Чувство вины резало постоянно его душу остроотточенным лезвием.
 - Почему я не сделал скульптуру, которая бы понравилась маме?
И тут же Леонардо сам себе отвечал:
- Потому что я забыл её уроки!
Затем:
- Виноват ли я?
Спрашивал и отвечал:
- Возможно. Моё сердце сейчас говорит мне, что моя добрая мама, благочестивая и простая, должно быть, была права…
Настаивал:
- Да, и потому что я забыл ту фразу Ренана, которую когда-то выучил наизусть, так она меня впечатлила: «Мать всегда должны быть центром вашей жизни!» Почему?
И настаивал снова:
- Это моя вина. Мне нужно было всегда следовать её советам и никогда не забывать то, чему она меня учила и о чём столько раз умоляла: «Леонардо, никогда не переставай молиться!»
С глазами полными слёз и поднятыми к небу, он говорил взволнованно и страстно:
- Мамочка моя, услышь меня! Мамочка, как я хочу увидеть тебя!
И после, тоскуя по её образу:
- Мамочка, где ты сейчас?
Но в пустынной мастерской была лишь суровая тишина.
Безмерная тоска заполняла его сердце. И внезапно, толчки рыданий разрывали его охрипшее горло.
Эти мучительные дни сократили жизнь Леонардо.

* * *
Его память, память человека, оставшегося без поддержки, возвращалась к воспоминаниям детства, которые росли в нём и давали ему наслаждение. Они были защитой и утешением. Он восстанавливал это благословенное прошлое… Закрывал глаза, чтобы лучше видеть… В этой далёкой, молчаливой и нежной дымке рядом с собою он постоянно видел заботливую и бледную мать, усталую, живущую ради сына. Как он начинал тосковать! И вот уже его глаза увлажнялись, горло сжималось, и на губах он чувствовал вкус слёз. Его мамочка! Он помнил, как она, когда он был совсем маленький, на утренней заре, как только звонили в колокол в монастыре Ремедиуш, вела его на Месяц Марии. Он вскакивал и выходил на площадь, где на цветущей шелковице ещё была роса, а первые лучи солнца украшали золотой бахромой вершины контуры башен Санта Круж и наискось – гранитные туники статуй апостолов на фасаде Сау Маркуш. Входил в монастырь.
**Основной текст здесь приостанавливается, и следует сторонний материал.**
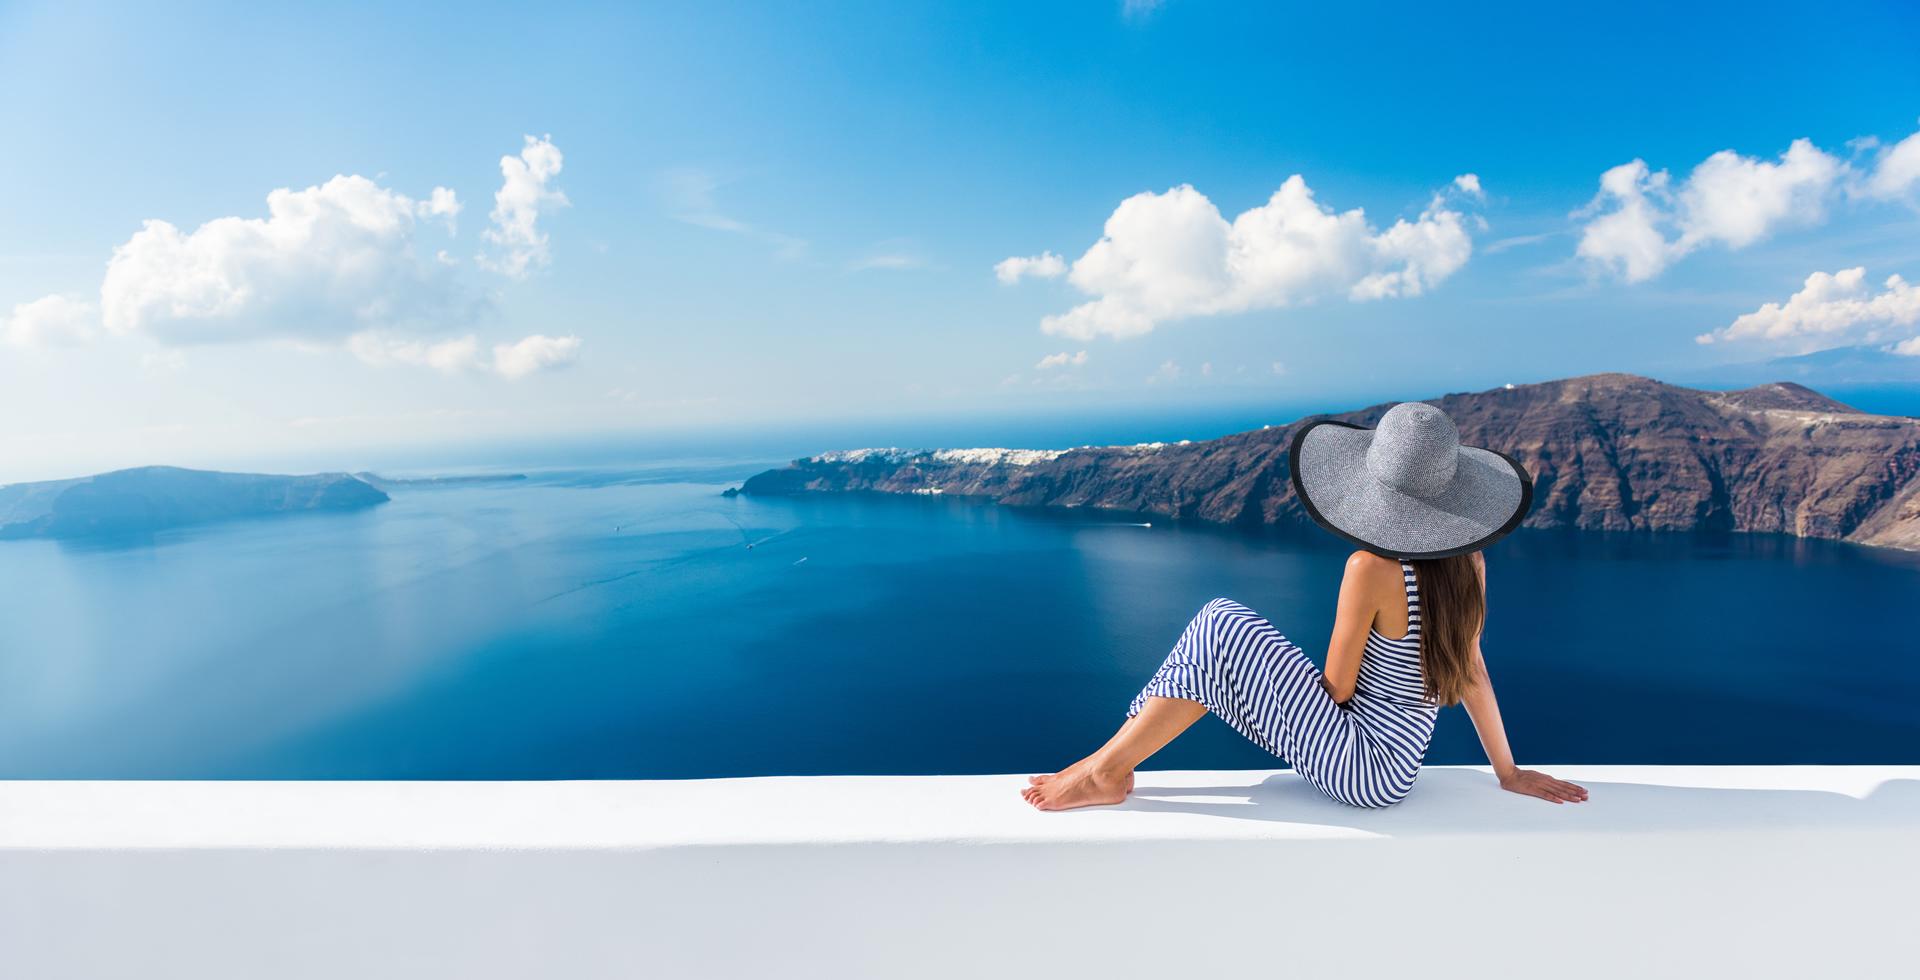 Ulysses Yachting - Luxury Lifestyle

Перед бело-золотым ретабло[1] Богоматери Благодати[2] мать учила его, как вести себя и молиться в церкви:
- Пойдём, встань на колени, перекрестись и сложи ручки так, перед Богородицей.
Вспоминая это, Леонардо чувствовал на своих руках тепло и любящую нежность тех прекрасных христианских рук. Он вновь видел перед собой алтарь, украшенный кружевами, белыми розами, лилиями и свечами, а на нём сияла улыбающаяся Пречистая, покровительница конгрегации дочерей Марии в белоснежной тунике, голубом покрывале со звездами, русыми волосами скромно причёсанными на ровный пробор, начищенная до блеска корона. На её детских розовых щеках, в её темных и влажных глазах, на её алых губах – божественная улыбка; красивые босые ноги стоят на мягком зелёном мху. С открытыми руками эта небесная Мать хотела бы принять всех, и от этих белых рук исходил сверкающий сноп золотых лучей – символ изливаемой сверхъестественной милости.
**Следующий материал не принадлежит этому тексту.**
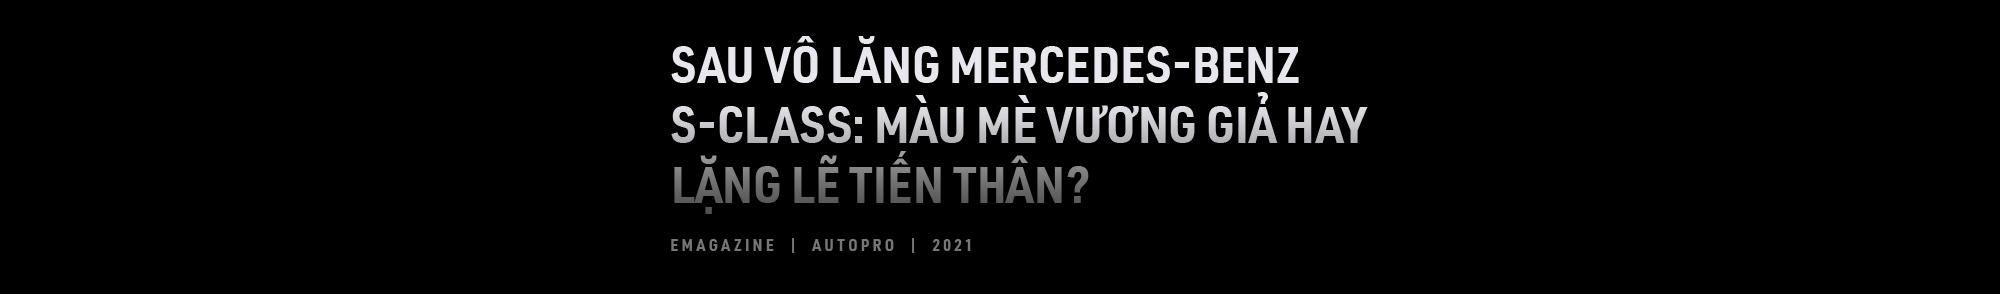 Cuộc sống kín tiếng sau vô lăng 'Mẹc S' của đại gia Việt: Làm 100 đồng, chỉ tiêu 5 đồng - Ảnh 13.

Прислушиваясь к сыну, мать шептала:
- Говори со мною: «Вспомни»
И малыш, стоя на коленях, сложа ручки, положа мягкую головку на грудь матери, слушая её, подняв рот, как бы пил молитву, воду веры, которая зарождалась у губ матери и падала вниз – и повторял слово в слово тихонько, робко и благочестиво: «Вспомни, о чистейшая и непорочная Дева Мария, что никогда никто не слыхал о том, чтобы кто-либо из прибегающих к твоей защите, … был бы оставлен без твоей помощи».[3].
И ещё, и ещё раз!
То была красивая молитва Святого Бернарда к Святой Деве.
О, сколько воспоминаний!
И другие молитвы приходили ему на память. Ему доставляло удовольствие вспоминать их. Первой он выучил ещё до «Отче наш» и «Аве Мария» молитву к Младенцу Иисусу:
- Младенец Иисусе, отдаю тебе моё сердце, Богородица, Святой Иосиф, мой Ангел-хранитель, молите обо мне. Аминь, Иисусе.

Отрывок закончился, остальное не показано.